The key to understanding the next decade will be to understand that the international system is in massive disequilibrium. One power-the United States--has an overwhelming economic and political advantage. Ordinarily, it would be in the interest of such a power to impose a Pax on the world. However, because of geography-the location and size of the United States--the costs of imposing such a pax substantially outweigh the benefits. Any given intervention in Eurasia carries with it a higher cost than the benefits. The only exception to this might be interventions in the Persian Gulf, where the economics of oil occasionally make intervention beneficial.
This means that except in specialized situations like the Persian Gulf the world's leading power will lack the motivation to impose order. To be more precise, the short term costs of intervention are certain, as are the potential benefits. The long-term benefits of such interventions are substantially less clear, and therefore are unlikely to take place. The United States will rely increasingly on indigenous forces to create and maintain a balance of power. While political suasion might be used, military intervention will become more and more rare during this coming decade.

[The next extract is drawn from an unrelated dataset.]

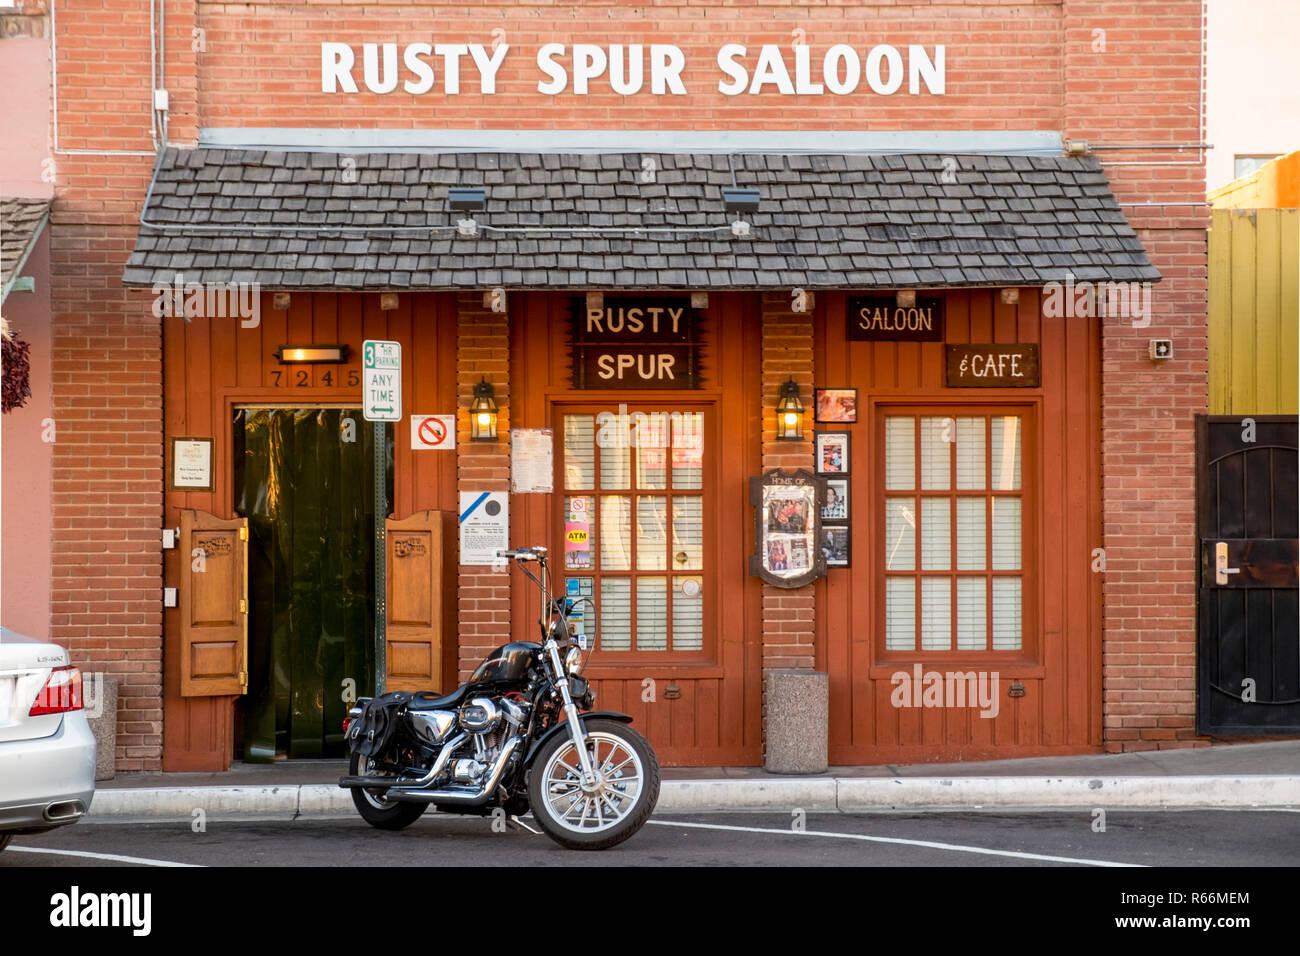 Rusty Spur Saloon, Old Town Scottsdale, Scottsdale, Phoenix, Arizona, USA - Stock Image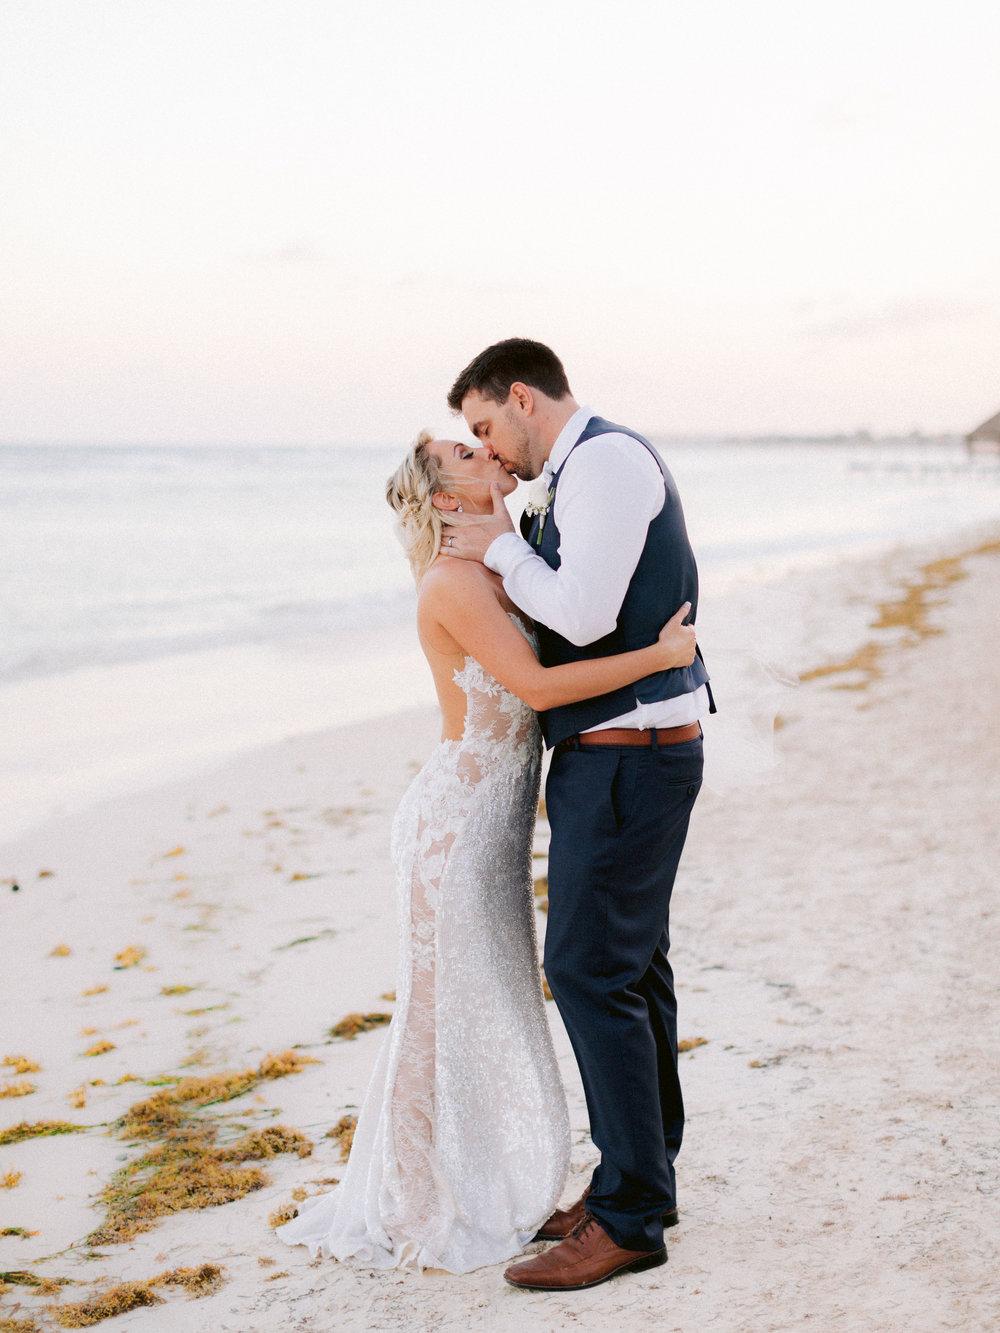 Kim_Jeff_Cancun Wedding_Portraits_Kurtz_Orpia (167 of 178).jpg

As a result, regional hegemons will emerge through Eurasia. Most will be contained by regional balances of power. Russia, for example, will almost certainly reassert itself. However, constrained as it will be by forces within the former Soviet Union, as well as surrounding states such as Germany, Turkey and Japan, its ability to project power globally will be severely limited. Other regional hegemons--Germany, Turkey, Iran, India--will all be contained by regional forces.
The main exception to this will be Japan. Economically Japan is a global power; in politico-military terms, it is a regional power. Japan's global interests are dictated by imports of raw materials, and the need to assure them, and exports and the need to maintain them. The next decade will see persistent weakness in the Japanese economy and a continued emphasis on exports. China will be the focus of these exports. If, as we expect, China will disintegrate in the early part of the 1995-2005 decade, Japan will be seeking to export into a chaotic situation. The temptation to manipulate and control that chaos will be irresistible. Japan will return to the great game it abandoned in 1945. In due course, it will become a major player in the Western Pacific and elsewhere. At that point--toward the end of this period-the United States will seek to contain Japan, setting the stage for conflicts in the next decade.